The curl package provides bindings to the libcurl C library for R. The package supports retrieving data in-memory, downloading to disk, or streaming using the R “connection” interface. Some knowledge of curl is recommended to use this package. For a more user-friendly HTTP client, have a look at the httr package which builds on curl with HTTP specific tools and logic.

Request interfaces

The curl package implements several interfaces to retrieve data from a URL:

  • curl_fetch_memory() saves response in memory
  • curl_download() or curl_fetch_disk() writes response to disk
  • curl() or curl_fetch_stream() streams response data
  • curl_fetch_multi() (Advanced) process responses via callback functions

Each interface performs the same HTTP request, they only differ in how response data is processed.

Getting in memory

The curl_fetch_memory function is a blocking interface which waits for the request to complete and returns a list with all content (data, headers, status, timings) of the server response.

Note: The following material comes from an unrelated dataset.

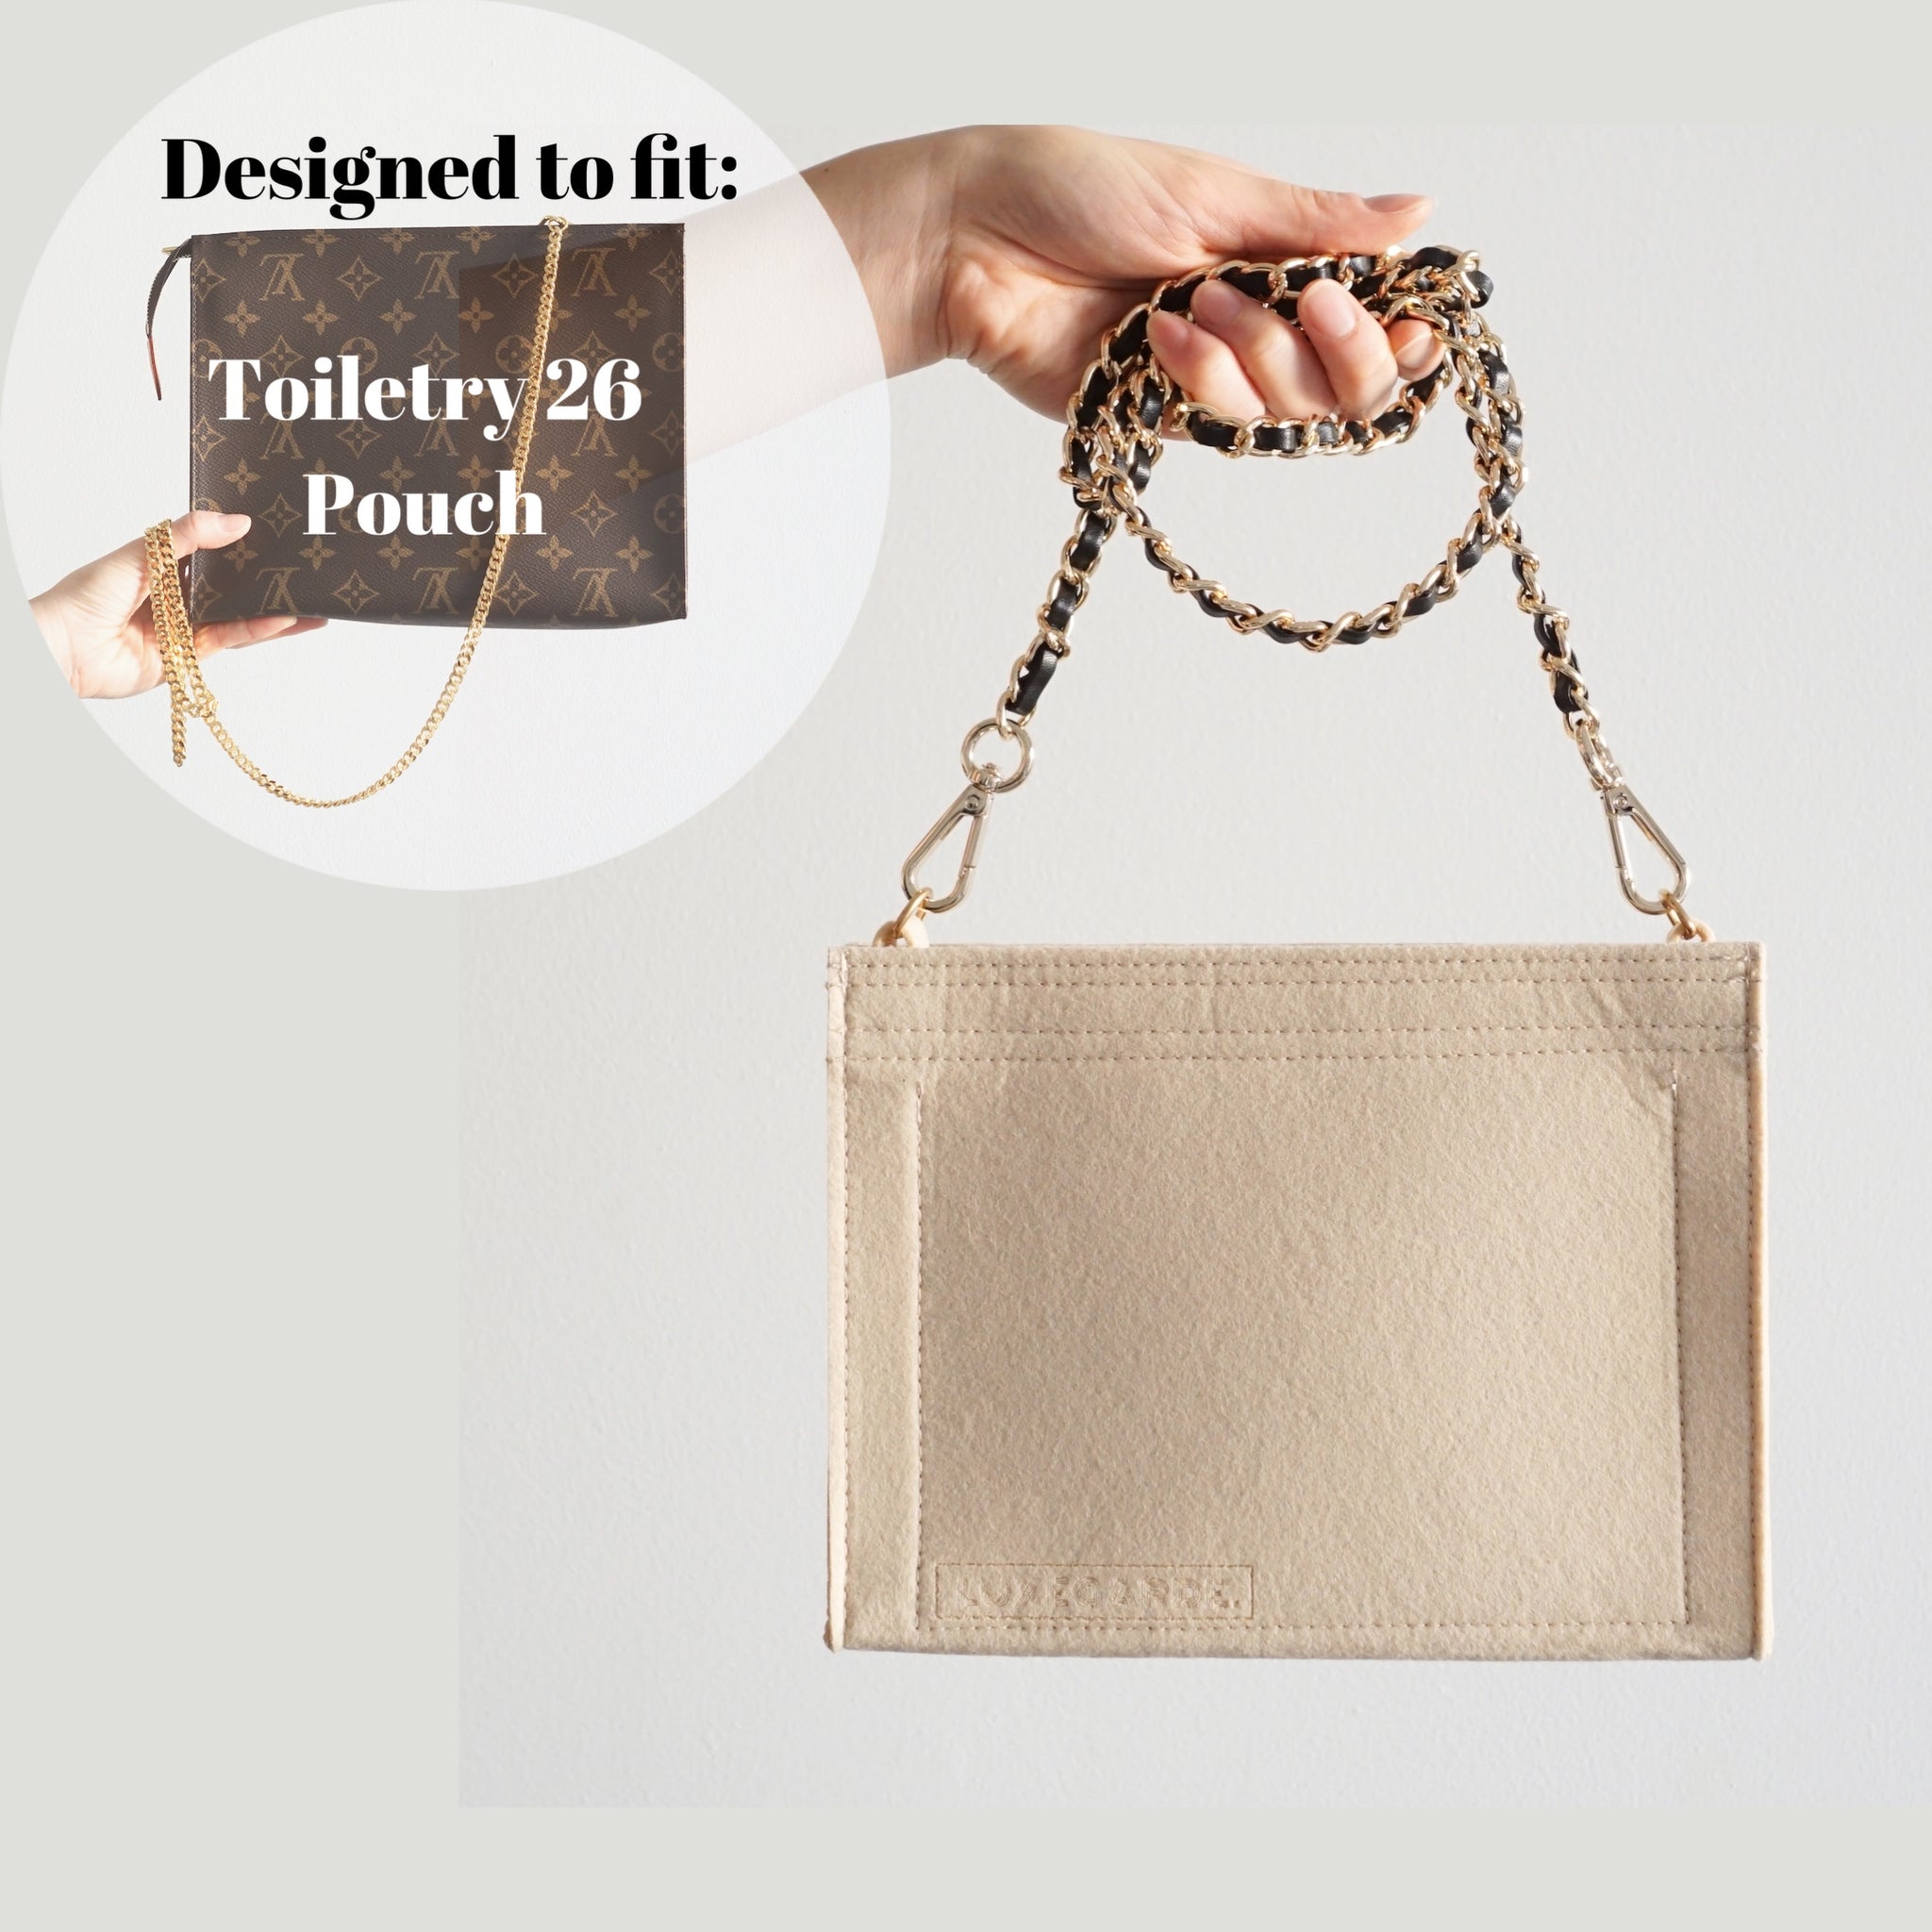 Bag Organizer Insert for Louis Vuitton Toiletry Pouch 26 Bag – Luxegarde

req <- curl_fetch_memory("https://httpbin.org/get")
str(req)
List of 6
 $ url        : chr "https://httpbin.org/get"
 $ status_code: int 200
 $ headers    : raw [1:303] 48 54 54 50 ...
 $ modified   : POSIXct[1:1], format: NA
 $ times      : Named num [1:6] 0 0.0317 0.1293 0.4425 0.5442 ...
  ..- attr(*, "names")= chr [1:6] "redirect" "namelookup" "connect" "pretransfer" ...
 $ content    : raw [1:300] 7b 0a 20 20 ...
parse_headers(req$headers)
 [1] "HTTP/1.1 200 OK"                        "Connection: keep-alive"                
 [3] "Server: meinheld/0.6.1"                 "Date: Thu, 05 Oct 2017 11:21:50 GMT"   
 [5] "Content-Type: application/json"         "Access-Control-Allow-Origin: *"        
 [7] "Access-Control-Allow-Credentials: true" "X-Powered-By: Flask"                   
 [9] "X-Processed-Time: 0.000731945037842"    "Content-Length: 300"                   
[11] "Via: 1.1 vegur"                        
cat(rawToChar(req$content))
{
  "args": {}, 
  "headers": {
    "Accept": "*/*", 
    "Accept-Encoding": "gzip, deflate", 
    "Connection": "close", 
    "Host": "httpbin.org", 
    "User-Agent": "R (3.4.1 x86_64-apple-darwin15.6.0 x86_64 darwin15.6.0)"
  }, 
  "origin": "80.101.61.181", 
  "url": "https://httpbin.org/get"
}

The curl_fetch_memory interface is the easiest interface and most powerful for building API clients. However it is not suitable for downloading really large files because it is fully in-memory. If you are expecting 100G of data, you probably need one of the other interfaces.

Downloading to disk

The second method is curl_download, which has been designed as a drop-in replacement for download.file in r-base. It writes the response straight to disk, which is useful for downloading (large) files.

tmp <- tempfile()
curl_download("https://httpbin.org/get", tmp)
cat(readLines(tmp), sep = "\n")
{
  "args": {}, 
  "headers": {
    "Accept": "*/*", 
    "Accept-Encoding": "gzip, deflate", 
    "Connection": "close", 
    "Host": "httpbin.org", 
    "User-Agent": "R (3.4.1 x86_64-apple-darwin15.6.0 x86_64 darwin15.6.0)"
  }, 
  "origin": "80.101.61.181", 
  "url": "https://httpbin.org/get"
}

Streaming data

The most flexible interface is the curl function, which has been designed as a drop-in replacement for base url. It will create a so-called connection object, which allows for incremental (asynchronous) reading of the response.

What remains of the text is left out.